そんな UPSIDER は今年、新たな法人カード「PRESIDENT CARD」を発表しました。上場企業やスタートアップ向けに提供していた法人カード「UPSIDER」で培った技術をベースに、ビジネスオーナーの課題やニーズに細やかに対応する「経営者向け法人カード」です。

経営者といえど、手がける事業の規模は千差万別。そのなかでも「ひとり法人を営む独立人材の存在感が増している」と話すのは、PRESIDENT CARD の事業責任者を務める近藤万葉さんです。今回はそんな近藤さんと、ソレクティブ共同創業者兼 CEO の岩井エリカが対談。金融と人材、まったく異なる業界の2社がそれぞれの視点から独立人材を取り巻く現状や展望を語り合いました。

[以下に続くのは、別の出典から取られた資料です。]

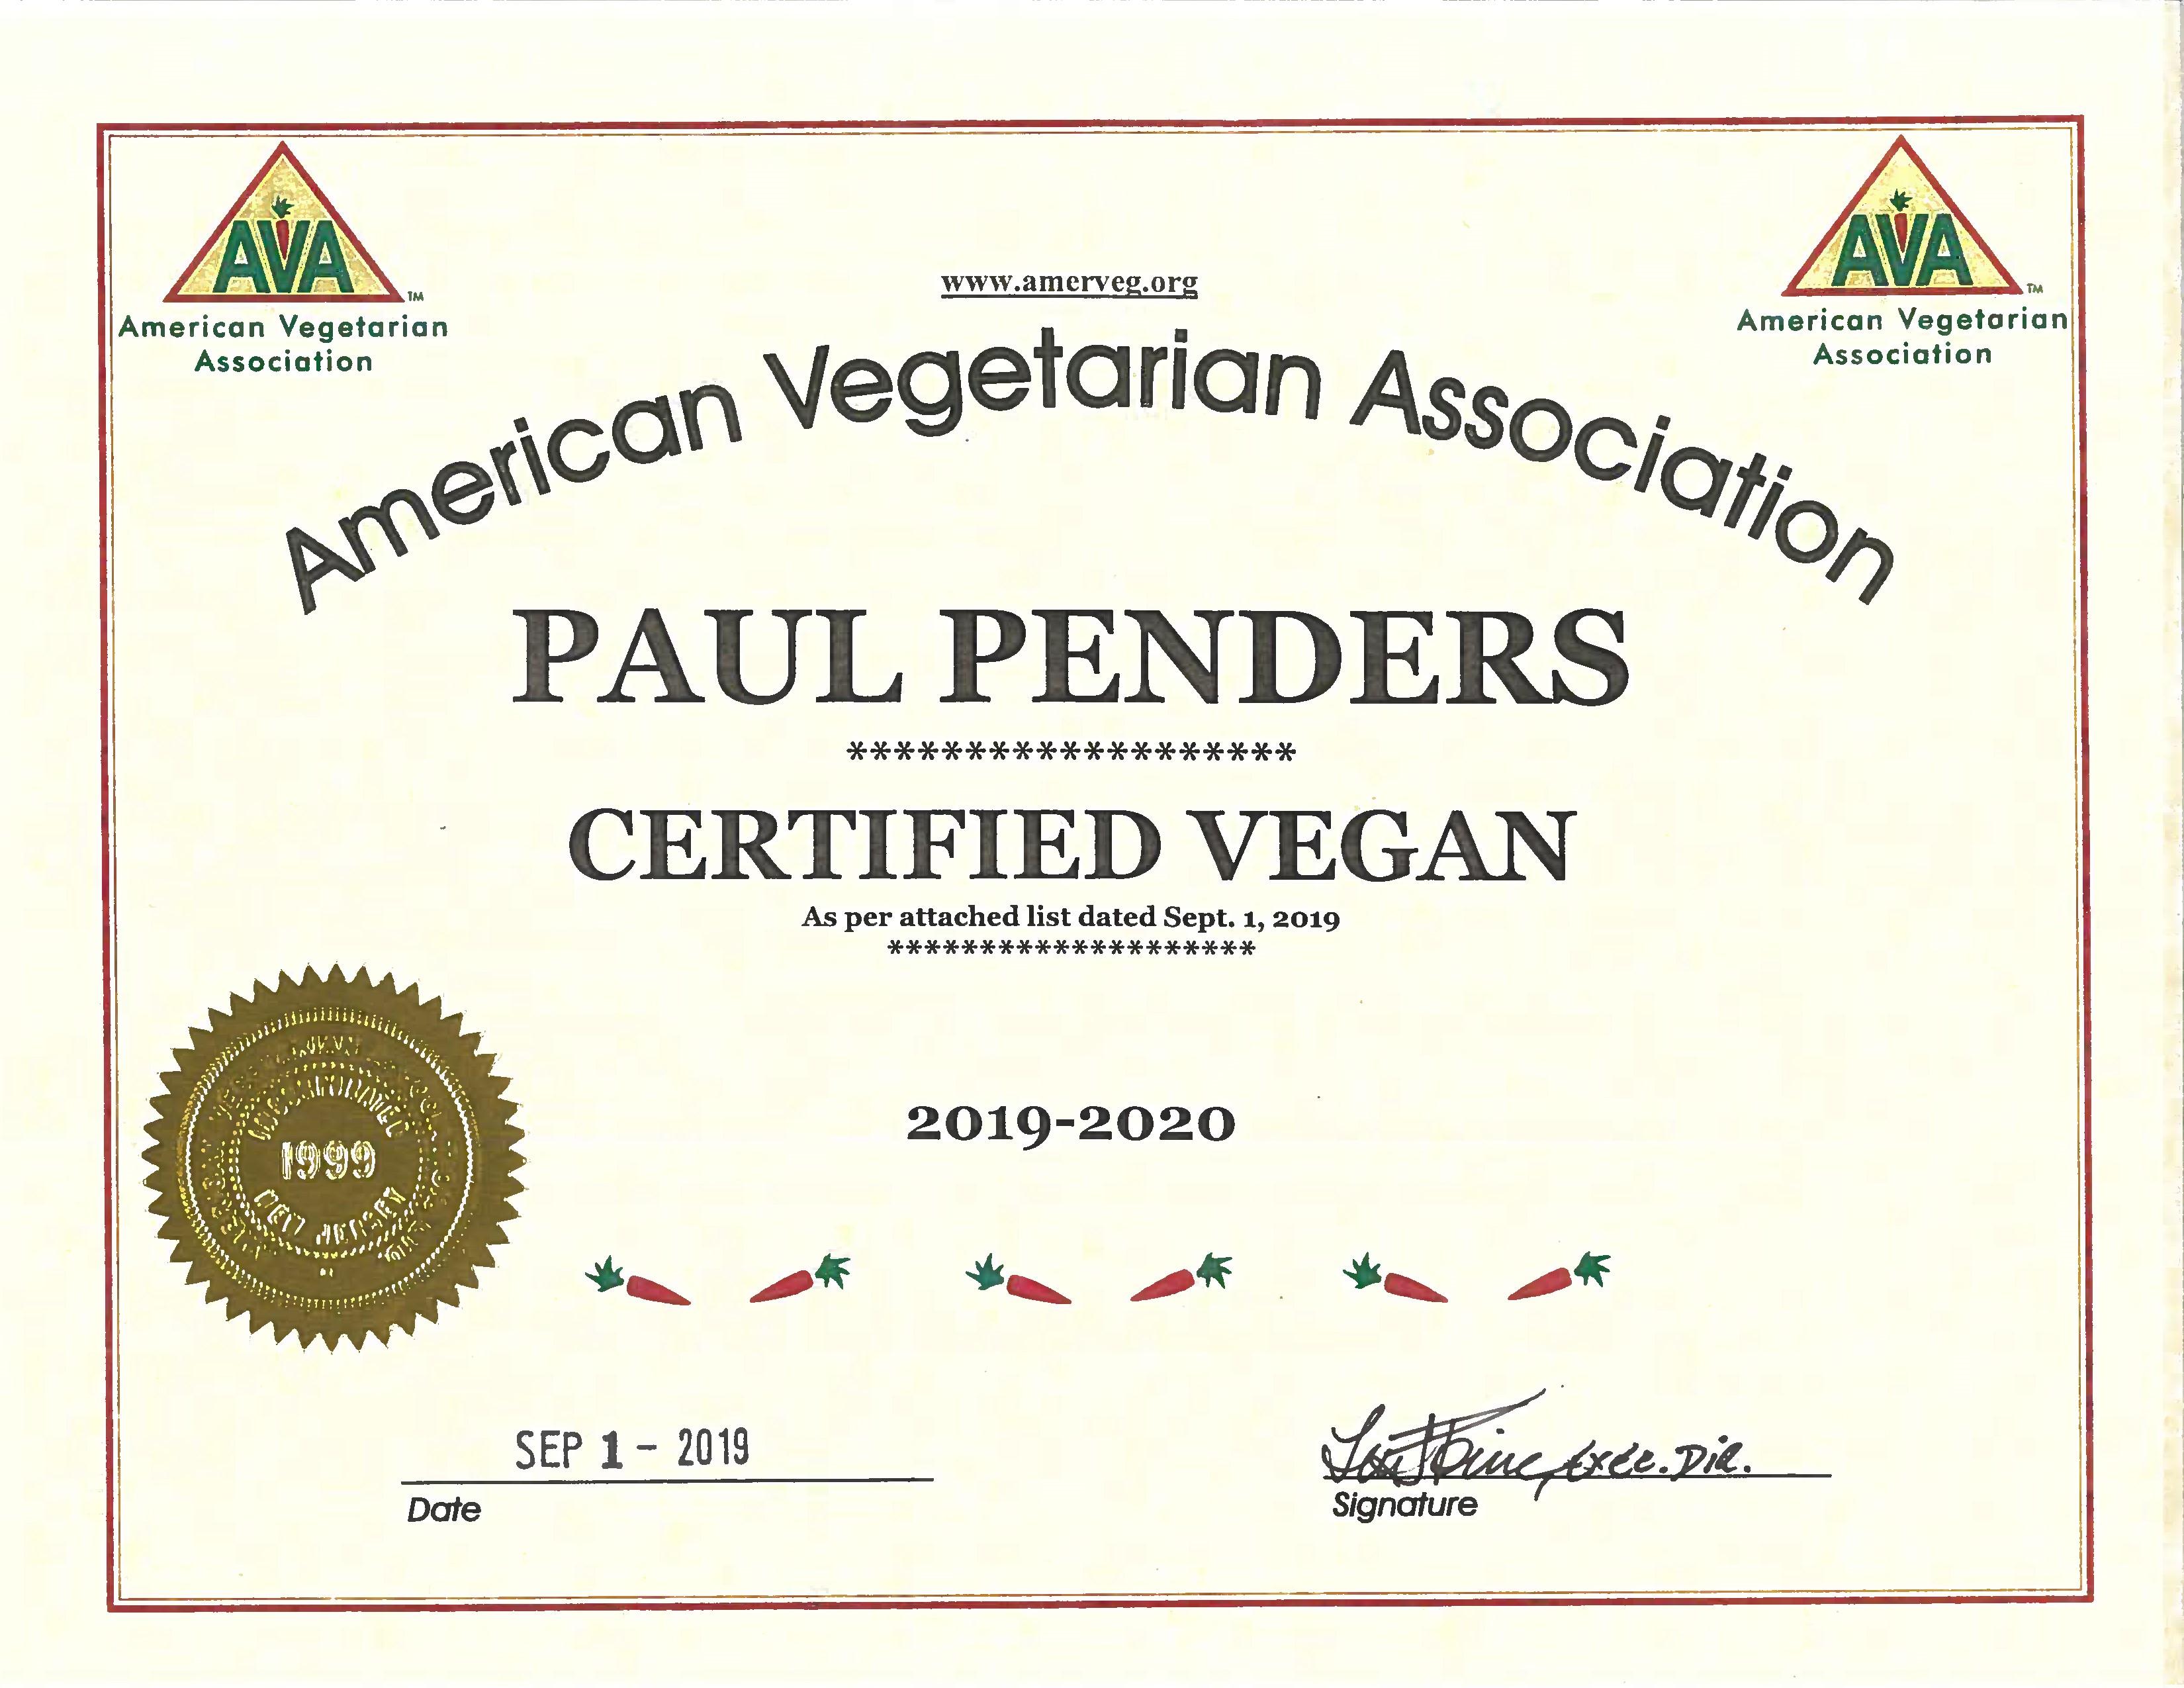 Paul Penders + sun care + Herbal Sun Prosperity + 100 gm + online

UPSIDERカード事業部 事業責任者の近藤万葉さんのプロフィール画像。青い背景に笑顔で写っており、テキストには経歴として高校時代から複数のスタートアップでインターンシップを経験、新卒でAnyMind Groupに入社、2022年1月にUPSIDERに入社したこと、UPSIDERカード事業を中心とする営業部門を統括していることが紹介されている。

独立人材の前に立ちはだかるインフラ構築の壁

エリカ:Sollective(ソレクティブ)はハイスキル独立人材が数多く登録するプラットフォームですが、実はその半分ぐらいがすでに事業を法人化した企業経営者です。今回発表された PRESIDENT CARD のターゲットにはこうしたひとり法人を営む独立人材も対象に含まれるのでしょうか?

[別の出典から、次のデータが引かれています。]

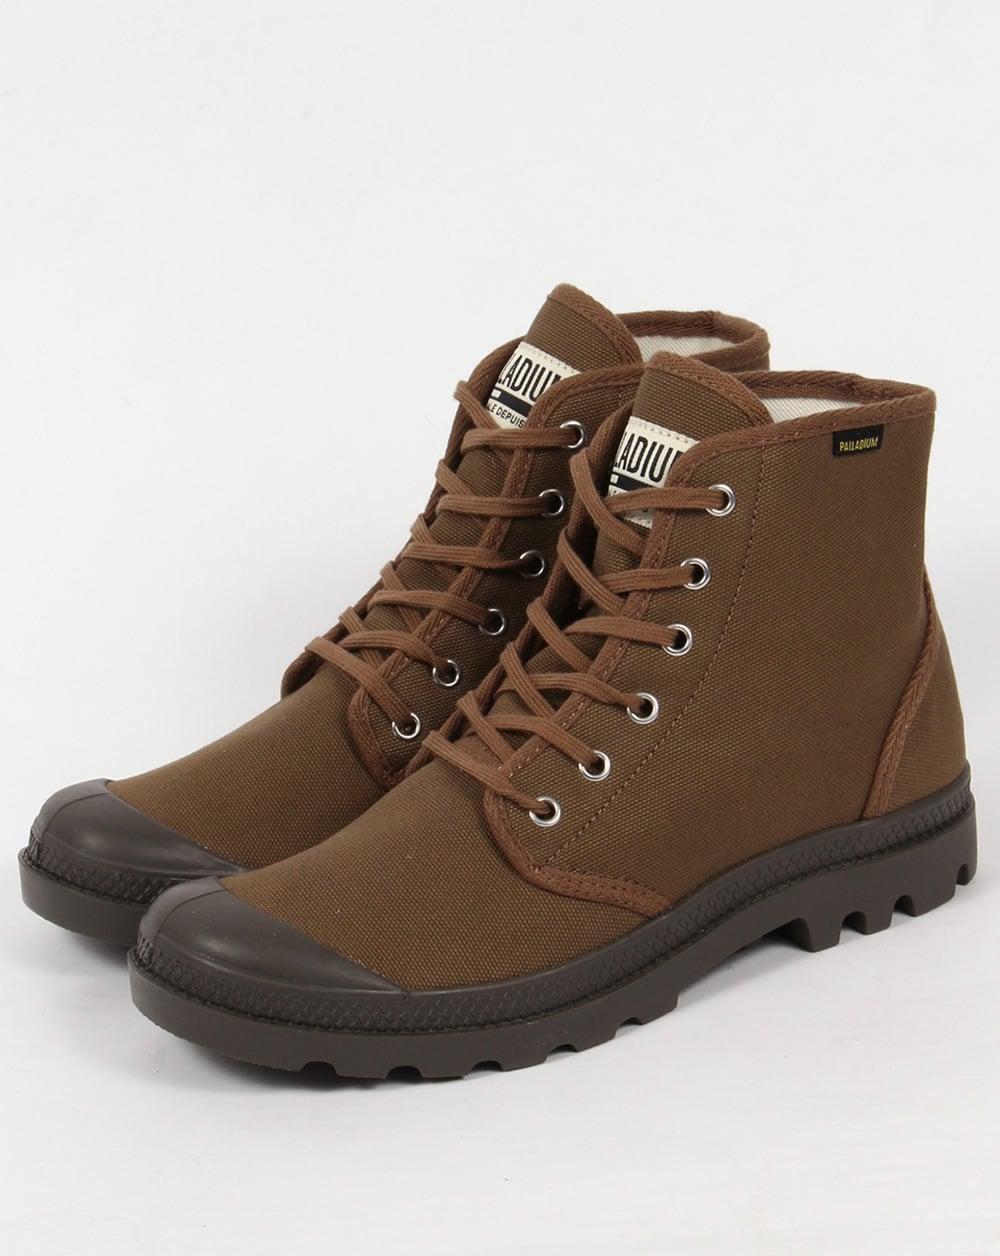 be5194ade33 Palladium Pampa Hi Originale Boots Butternut/Tarm

近藤:もちろんです。もともと UPSIDER はスタートアップ向けに展開してきたのですが、ここ1年でサービスの利用者はSMB(中小企業)がボリュームゾーンになりつつあります。1人で事業を営む法人の方がサービスを利用するケースも増えており、ひとり法人の増加はユーザー層の変化を通して認識していたところでした。

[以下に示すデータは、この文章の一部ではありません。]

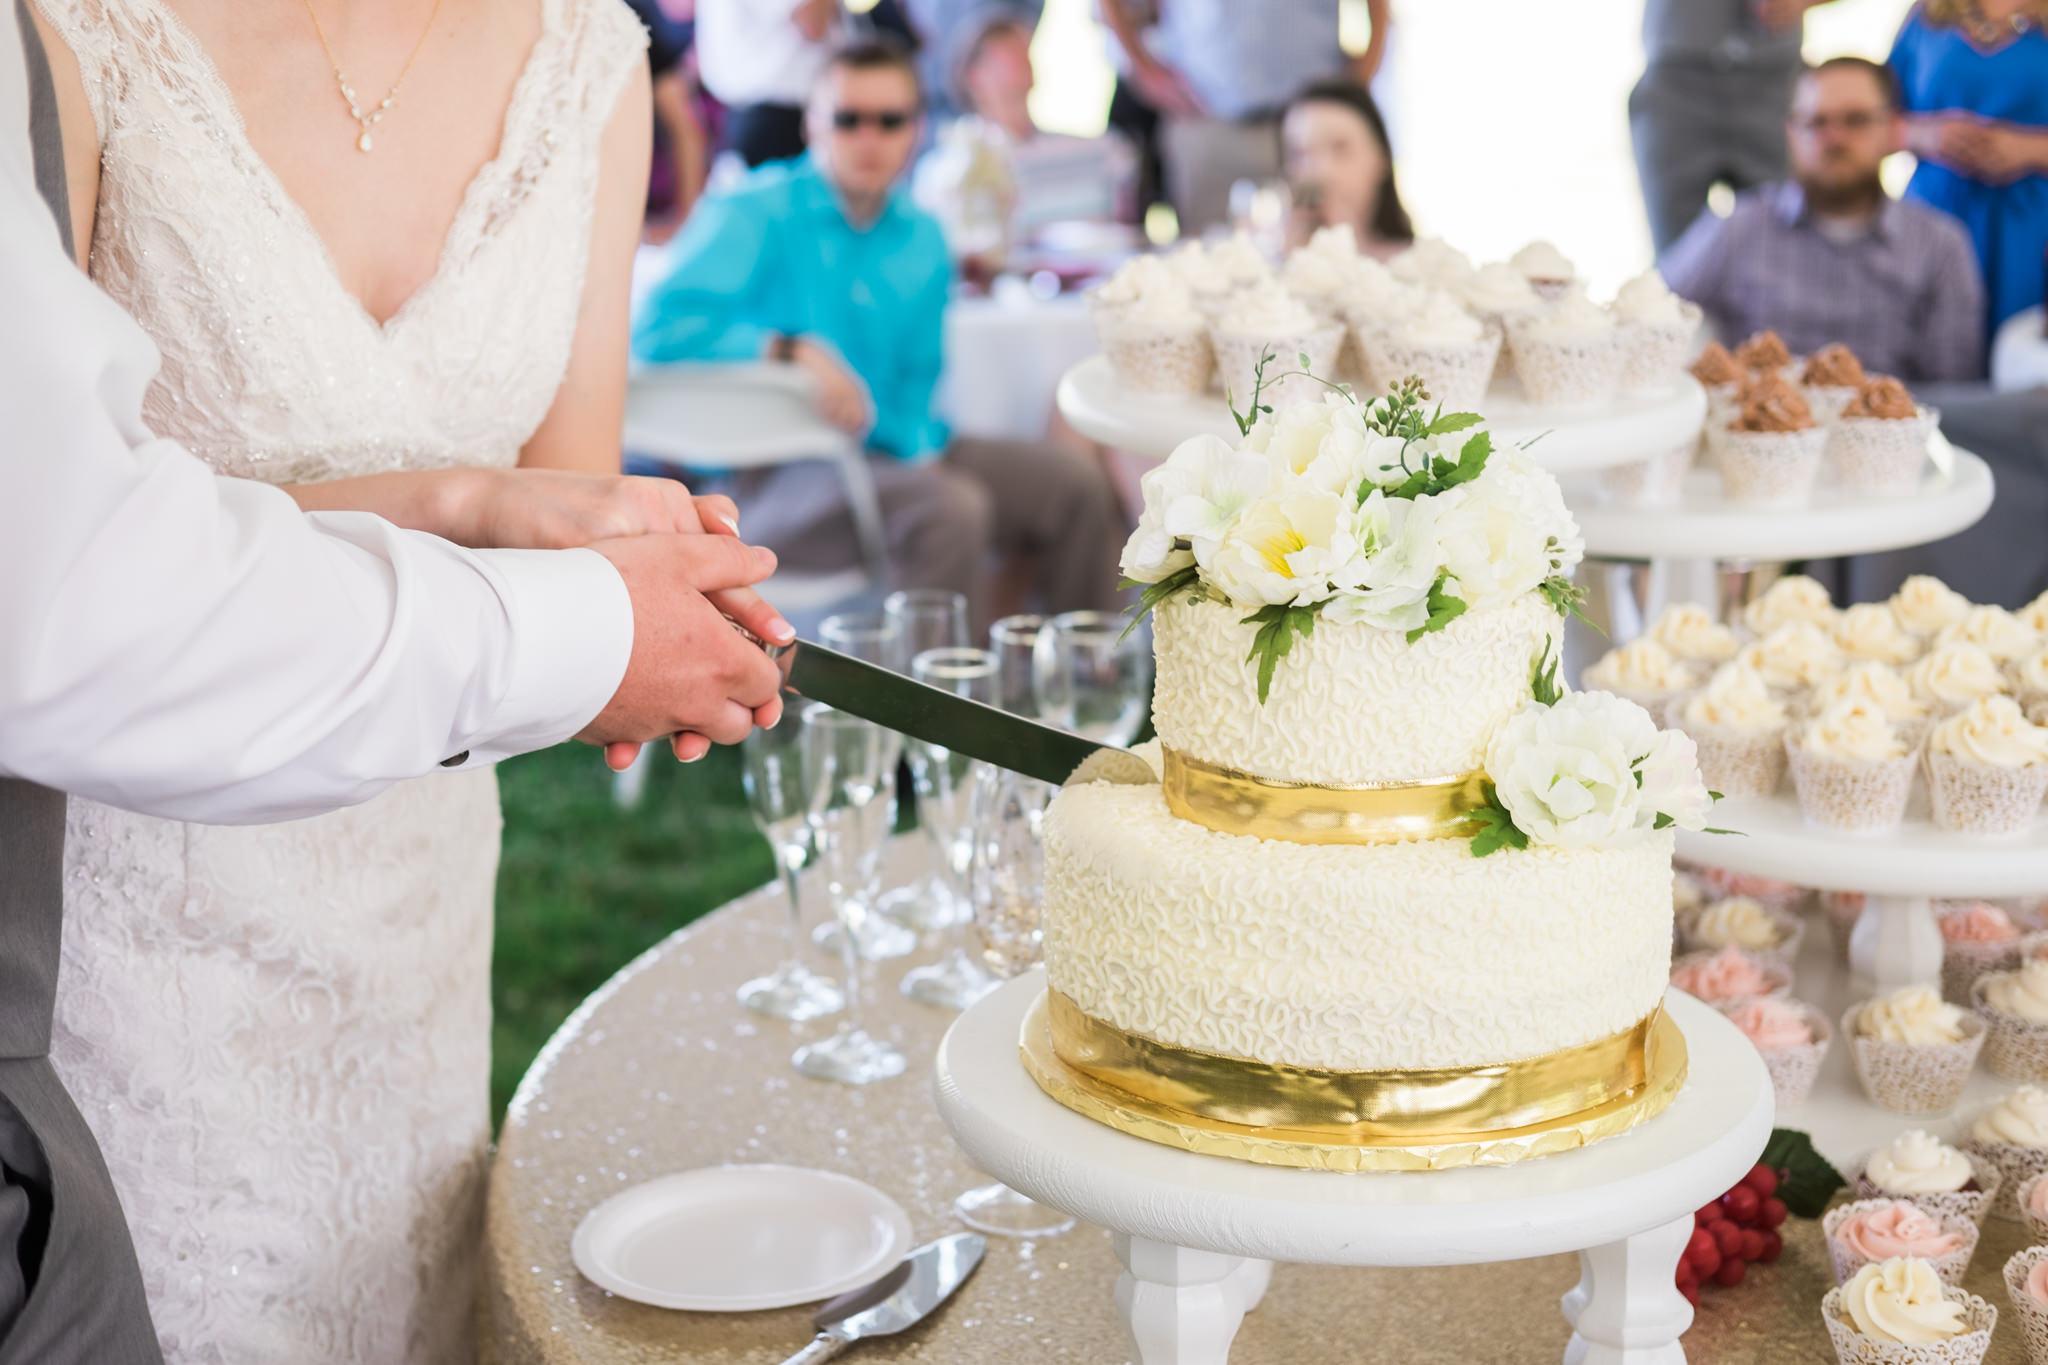 2017.06.03_Callie&Dustin_Wedding_Blog_0043.jpg

そうした変化を背景に、1人または少人数で事業を営むオーナー企業の皆さんにもっと使いやすいカードを作りたいという思いから、今回 PRESIDENT CARD が誕生しました。

エリカ:ひとり法人が直面する財務面の壁にはどのようなものがあるのでしょうか?

近藤:法人を設立して間もない頃ですと、財務諸表が整っていなかったり実績がなかったりして、なかなか与信が通らないという問題があります。一方、UPSIDER が用いるのは、銀行口座の入出金データ(キャッシュフロー)などをもとに審査する独自の与信モデルです。そのため、たとえば過去3期分の決算書などを用意できない企業でも、オンラインでカードを最短で即日発行してビジネスのインフラを整えられるよう支援できるのが特徴です。

エリカ:たしかにビジネスのセットアップは独立人材の活躍を阻む壁の1つです。そもそも今の時代に事業を進めるには、さまざまなソフトウェアのサブスクリプションが欠かせません。それらは基本的にすべてクレジットカード払いなので、法人名義のカードが不可欠ですよね。しかしカード審査の壁は高く、通ったとしても上限が低く設定されているため必要なものを賄えない。

近藤:それは本当によく聞く話ですね。その点、PRESIDENT CARD は最大10億円の利用限度額が特徴の1つであり、そうした声にもお応えできます。

エリカ:金融面以外の壁を挙げると、やはり独立人材への社会的評価の低さですね。正社員でも仕事のできる人とできない人がいるのと同じように、独立人材もそれぞれです。それなのに独立人材だけ全員ひとくくりに「会社に馴染めなかった人」とか「信頼して大丈夫なのか」という見方をされる時代が長くありました。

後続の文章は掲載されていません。